The UN-Convened Net-Zero Asset Owner Alliance releases a high-level paper outlining a forward-looking, systematic stewardship approach for investors that seeks to mitigate the existential risk of climate change. This stewardship approach focuses on how investors can leverage multiple tools of engagement to support changes to economic realities that align with a transition to a 1.5C future.
The discussion paper, The Future of Investor Engagement, draws attention to key engagement approaches which, when deployed in complement with corporate engagement, can catalyse systemic decarbonisation of the real economy. The Net-Zero Asset Owner Alliance, which holds more than $10.4 trillion combined capital and whose 71 members span five continents, proposes three key areas where climate-ambitious investors must expand and increase their stewardship and engagement efforts:
- Sector/value chain engagement, whereby investors can leverage insights from corporate engagement to support solutions across industries and sectors, and identify systemic or regulatory hurdles obstructing decarbonisation, particularly in hard-to-abate sectors;
- Policy engagement directly follows, where investors lend their voice, alongside other stakeholders, in calling on policymakers to address the economic, technological, and regulatory hurdles preventing decarbonisation at sufficient speed;
- Asset manager engagement complements all other engagement streams, ensuring that asset managers’ activities in stewardship align with asset owners’ long-term interest in a transition to net-zero;
Günther Thallinger, Allianz SE Board Member and UN-convened Net-Zero Asset Owner Alliance Chair: “It’s high time to change the rules of the game. As asset owners, we need to look towards ways we can undertake impactful engagement to directly influence asset managers, stakeholders across entire sectors, and policymakers. Regardless of how ambitious investor commitments are, companies still operate within policy and economic frameworks. Systemic change to these frameworks is needed urgently to align with a 1.5C future, and this new paper presents the case for re-writing the rules of the game to do so.”
Sector and value chain engagement
Asset owners can play a unique role as conveners of sectoral and value-chain dialogues. The paper pushes for further development of engagement streams that bring together multiple stakeholders, including peer companies, suppliers, NGOs, regulators, and customers. Wide stakeholder dialogues help identify both collaborative opportunities to reduce emissions across value chains and regulatory and policy hurdles to achieving net-zero alignment. This type of engagement drives a level of accountability that is not always possible when engaging a single company, and it also addresses the scalability issues of corporate engagement by facilitating collaborative outreach and action from investors.
Policy engagement
Asset owners can use their direct and indirect influence to call on policymakers, including civil society experts and stakeholders, to develop and implement 1.5C aligned climate policy. This can be achieved by pushing for regulation that requires company disclosure of material climate information, incorporating climate lobbying expectations into existing engagement dialogues with companies, and supporting industrial policy that effectively addresses climate change generally.

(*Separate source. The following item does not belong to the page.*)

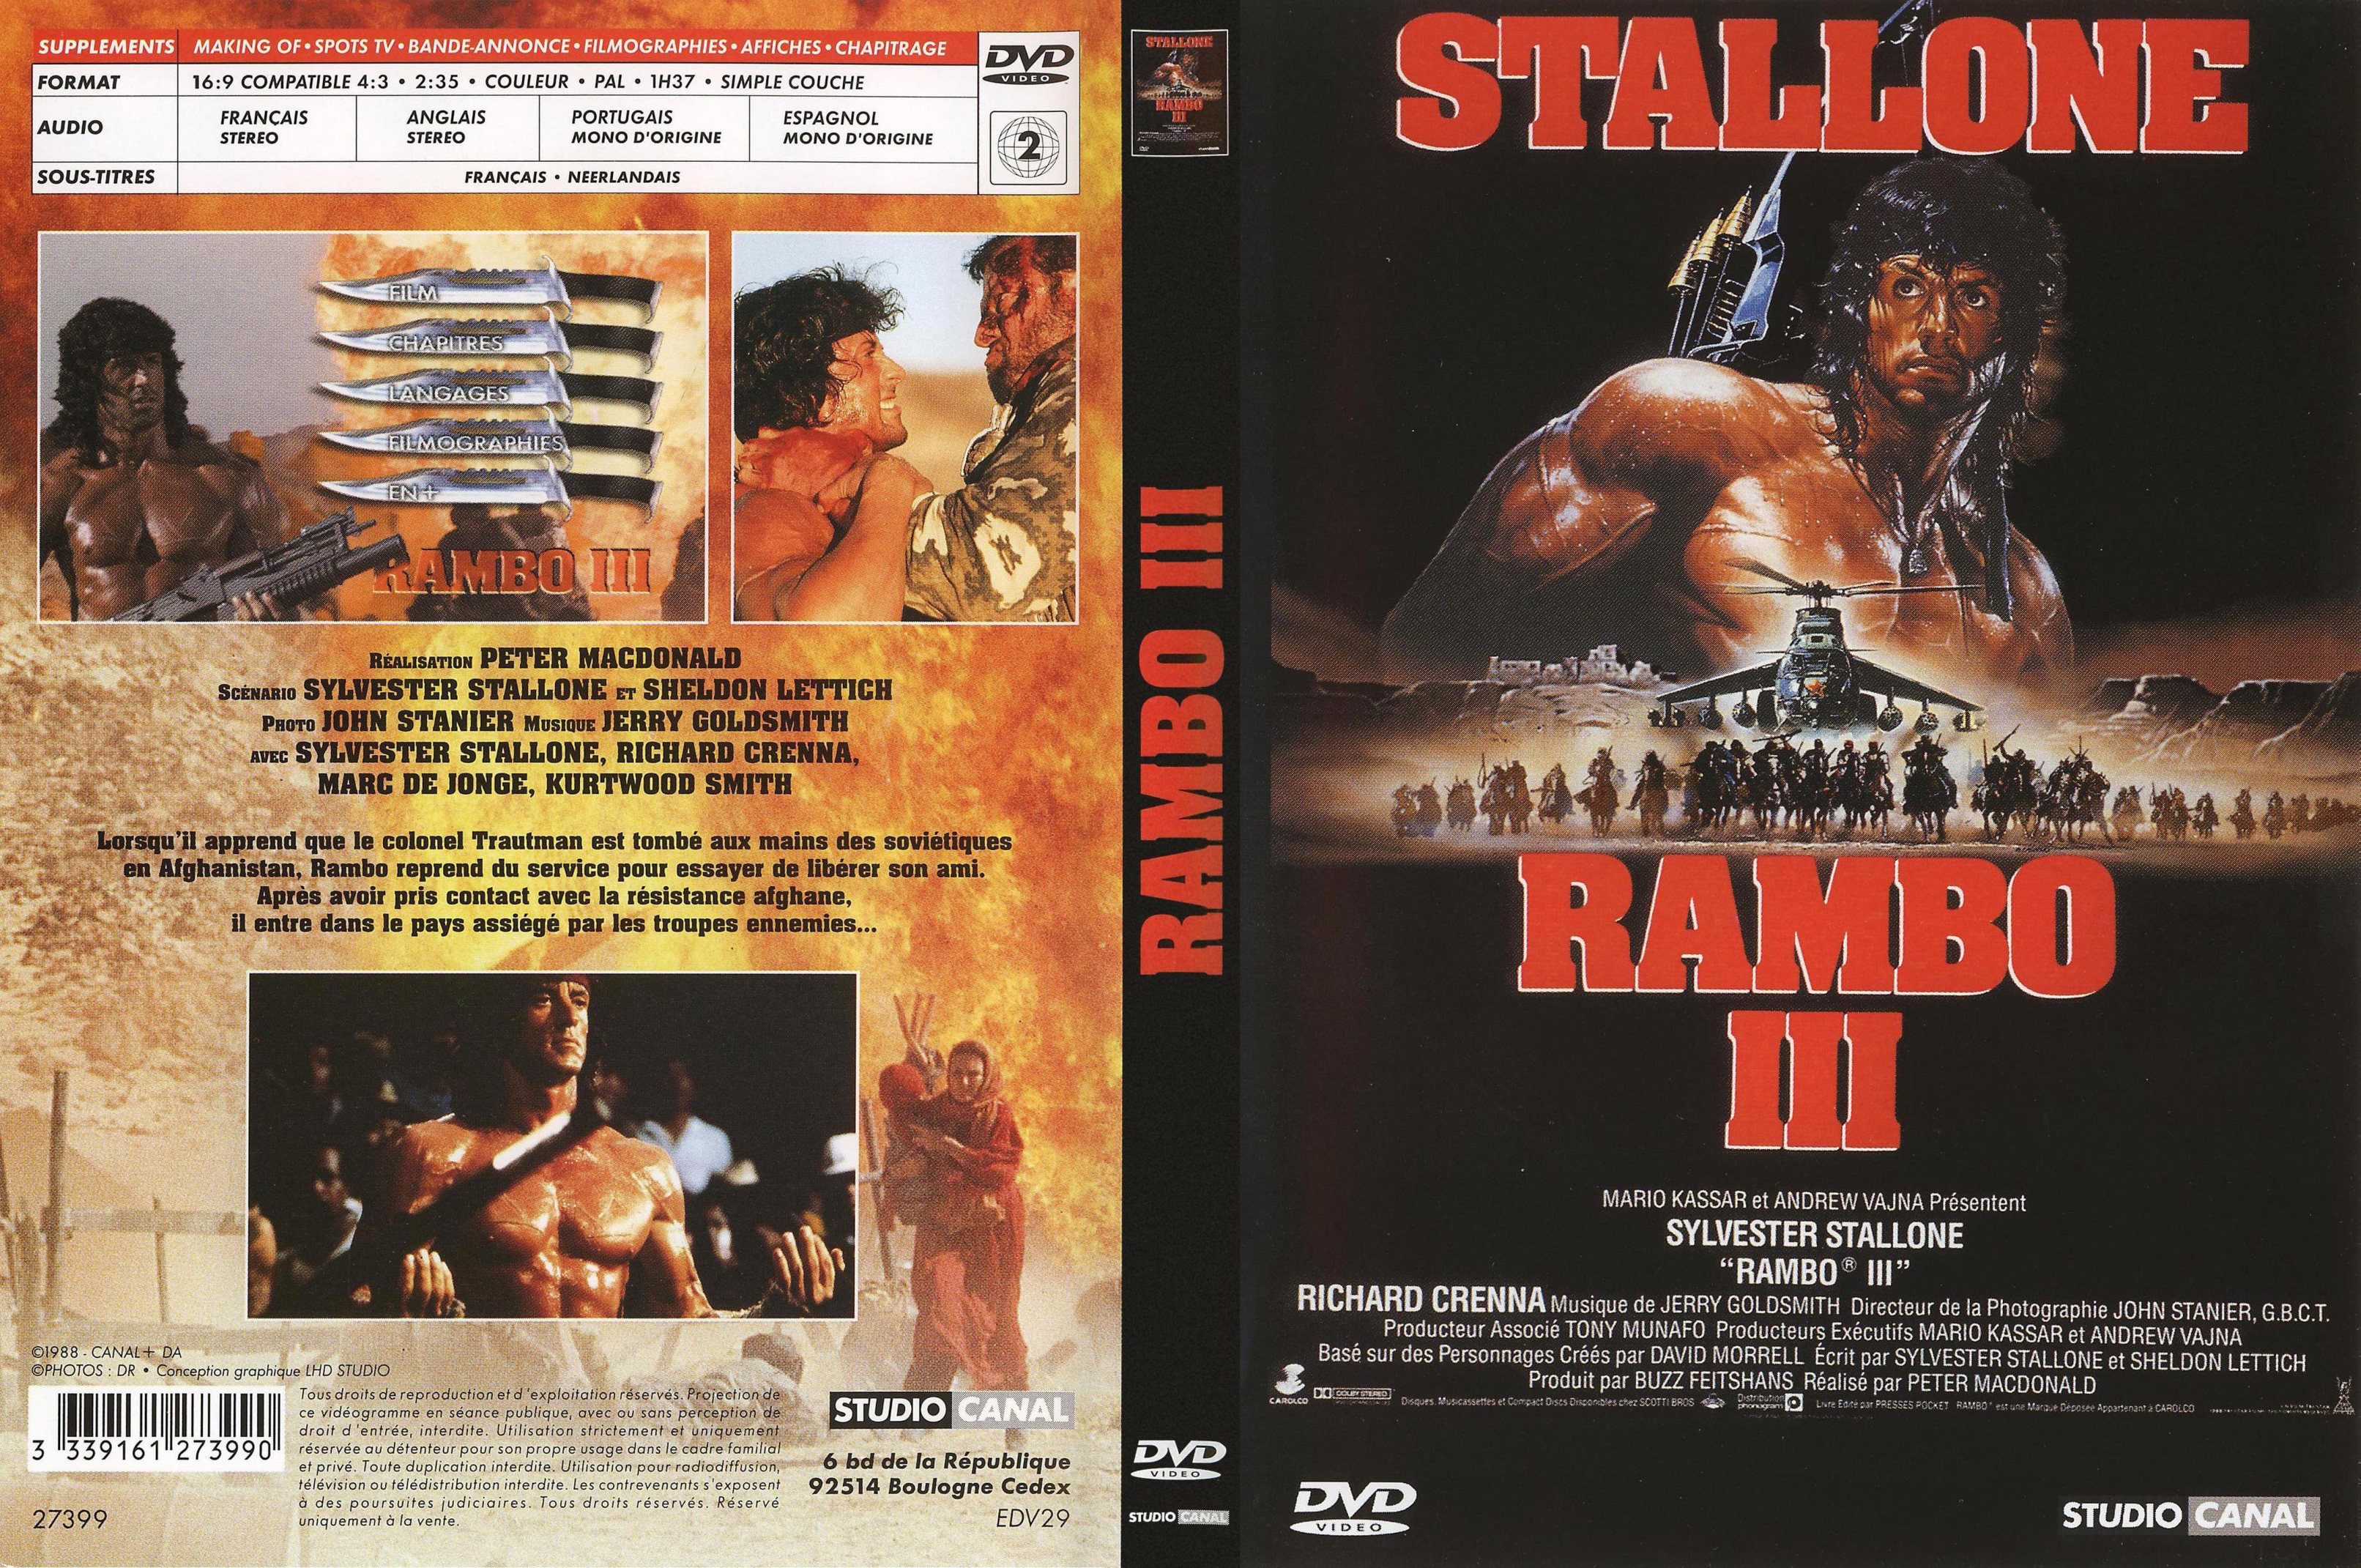 Jaquette DVD Rambo 3
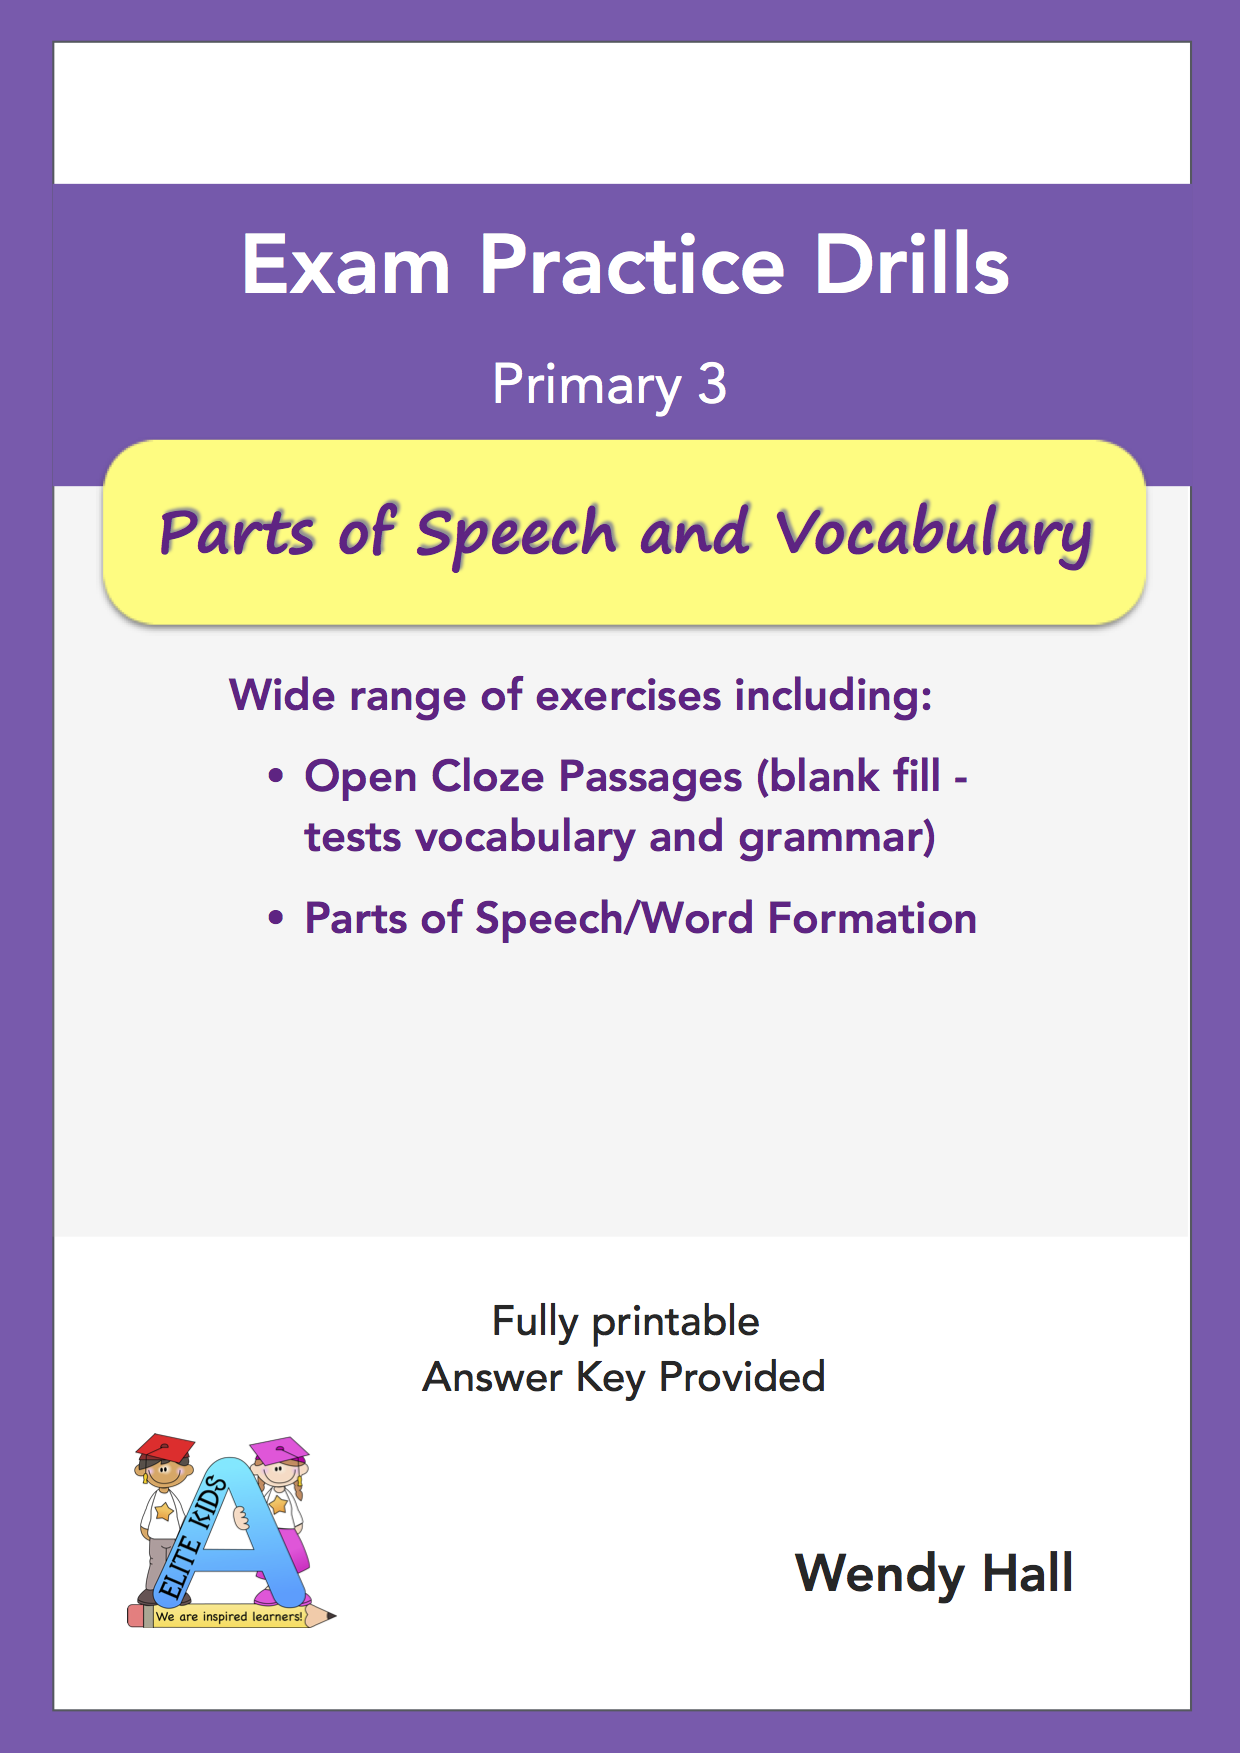 Elite Kids | Exam Practice Drills - Parts of speech and Vocabulary - Primary 3

Through these engagements, institutional investors’ long-term systemic interest in the health of the global economy can help counterbalance the sometimes-narrower interests of individual companies or trade associations.
Asset manager engagement
The paper’s final focus is on elevating asset owner’s engagement of asset managers. Asset managers work on behalf of their asset owner clients to choose portfolio companies, conduct corporate engagements, and cast votes through their stewardship programs. Additionally, they are important influencers of the business community through their own policy engagement and public discourse. The paper urges asset managers to re-examine their fiduciary duties and increase the ambition of their stewardship activities to reflect the existential risk of climate change to asset owners’ fundamental businesses.
In addition, the paper calls on asset owners to integrate the evaluation of asset managers’ systematic stewardship efforts related to climate into their ongoing selection, appointment, and monitoring (SAM) processes. Ultimately, asset owners should seek to increase asset manager ambition and accountability, pushing for stewardship activities that complement the direct and idiosyncratic lever of corporate engagement.
Systematic stewardship by investors is part of a series of critical steps being taken by the Net-Zero Asset Owner Alliance, reflecting its commitment to supporting a transition to a 1.5C future. All actions taken must drive towards a financial system that is resilient to systemic risk, while also better serving the collective interest of asset owners, the business community, and humanity in general.
About the UN-convened Net-Zero Asset Owner Alliance
The 71 members of the UN-convened Net-Zero Asset Owner Alliance have committed i) to transitioning their investment portfolios to net-zero GHG emissions by 2050 consistent with a maximum temperature rise of 1.5°C above pre-industrial levels; ii) to establishing intermediate targets every five years; and iii) to regularly reporting on progress. The Alliance is convened by UNEP’s Finance Initiative and the Principles for Responsible Investment (PRI). The Alliance is supported by WWF and Global Optimism, an initiative led by Christiana Figueres, former Executive Secretary of the United Nations Framework Convention on Climate Change (UNFCCC).